During times of danger these changes allow you to do what is necessary for survival. But they have deleterious effects otherwise.

Prolonged exposure to this hyperactive state puts your body and your health at risk. Anxiety involves constant worrying, which means your brain is always thinking there is a threat looming.

| Related: The Amazing Effect of Meditation on Brain Structure |  

Your body remains in a ‘stressed’ state for longer than necessary, lacing great physical strain on your heart and other vital organs. Persistent anxiety begins to negatively impact your overall health. Here’s how:

Stomach Problems: A substantial proportion of anxiety sufferers also suffer from gastrointestinal disorders. The nerves that regulate digestion become hypersensitive and you are more likely to experience abdominal pain, cramping, gas, bloating, diarrhea, and irritable bowel syndrome.

Respiratory Complications: Anxiety-related panic attacks cause you to hyperventilate, which disrupts healthy airflow. Air is moving so fast that it does not remain in your lungs as long as it should.

Not only can you hyperventilate to the point of passing out, but over time disrupted airflow causes chronic respiratory disease.

Heart Disease: With an increased heart rate and blood pressure, great physical strain is placed on your blood vessels, arteries, and heart. Prolonged exposure causes arteries to harden, blood vessel damage, and eventually heart attack or stroke.

For those individuals already suffering from heart disease, any additional anxiety experienced significantly increases their risk of death.

Mindfully Mending Your Brain

Your body can withstand a good deal of stress when needed, but this is not a state you want to be in for an extended period of time.
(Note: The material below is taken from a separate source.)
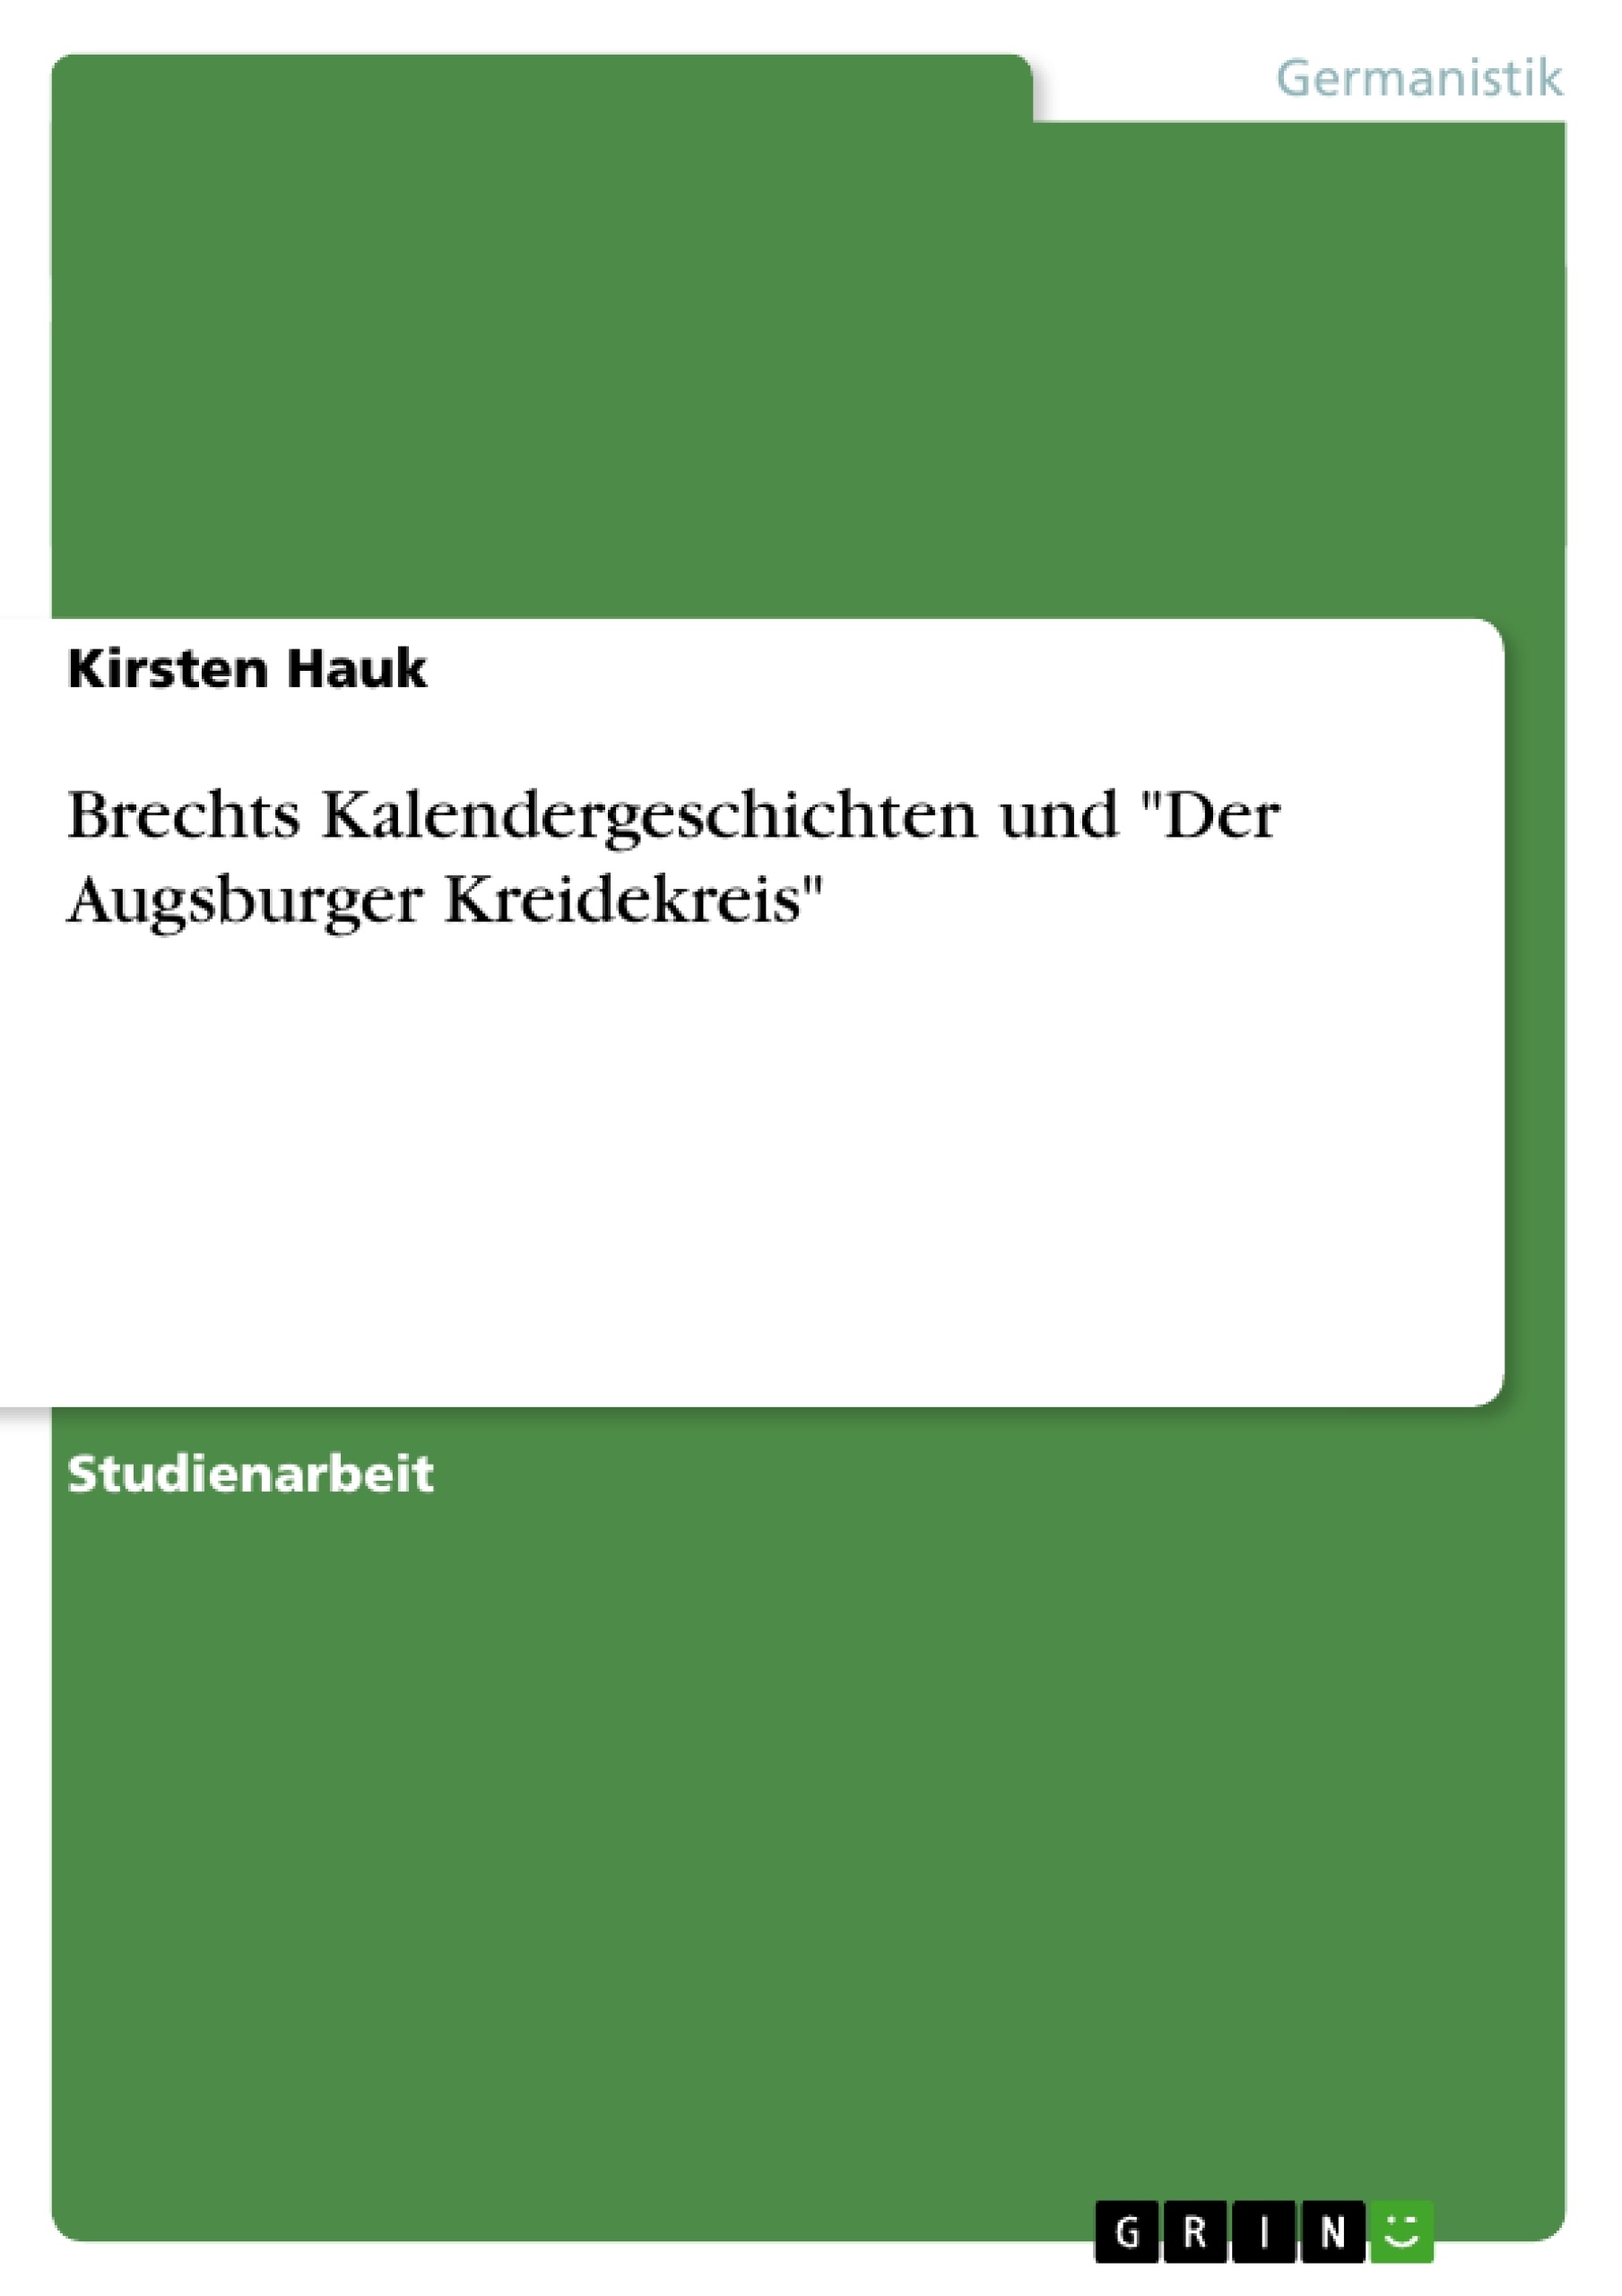 Titre: Brechts Kalendergeschichten und "Der Augsburger Kreidekreis"

Anxiety causes your brain to remain in an overactive state, prompting the physical stress response.

The threat may just be in your head, but the physical outcomes will be all too real. With mindfulness meditation having been shown to reduce anxiety symptoms, it seems the most logical choice for protecting your health.

Mindfulness meditation is about focusing on the present. The top causes for anxiety include worrying about future events and nonstop reminiscing over past experiences (usually negative ones).

Since you do not have the ability to control either of those, the more you focus on them the less control you feel you have. You end up feeling uncertain and anxious.

By focusing on the present, mindfulness meditation allows your brain to pay attention to the here and now only.

What You Should Do

To practice mindfulness, you first need to set aside time each day. You don’t need a special studio, just a quiet place and some time alone.

The idea is to quiet your mind and focus on your present situation. This can be tricky at first, so counting your breaths or chanting a meditation mantra helps to keep your brain focused on one thing.

Thoughts will naturally occur, and they need to be handled in a very specific way. Acknowledge thoughts when they arise, but then let them pass and do not hold on to them.

Using imagery can help with this—try imagining the thought as a feather or balloon that you let go and watch float away. What is important is bringing your brain back to the focal point (chant or counting) each time a thought disrupts you.

With time and practice, this gets easier, and, eventually, you will control your wandering mind, allowing it to better cope with anxiety.

The Bottom Line

There is growing research that mindfulness can actually change the physical structure of your brain too. Just as stress and anxiety can change your brain, so can meditation, but this time for the better.

Mindfulness meditation can help relieve symptoms of anxiety in one session, so imagine what it can do when it becomes part of your regular daily routine. Protect your mental and physical health by preventing anxiety from running your life.

Find a quiet place and start mindfully meditating today.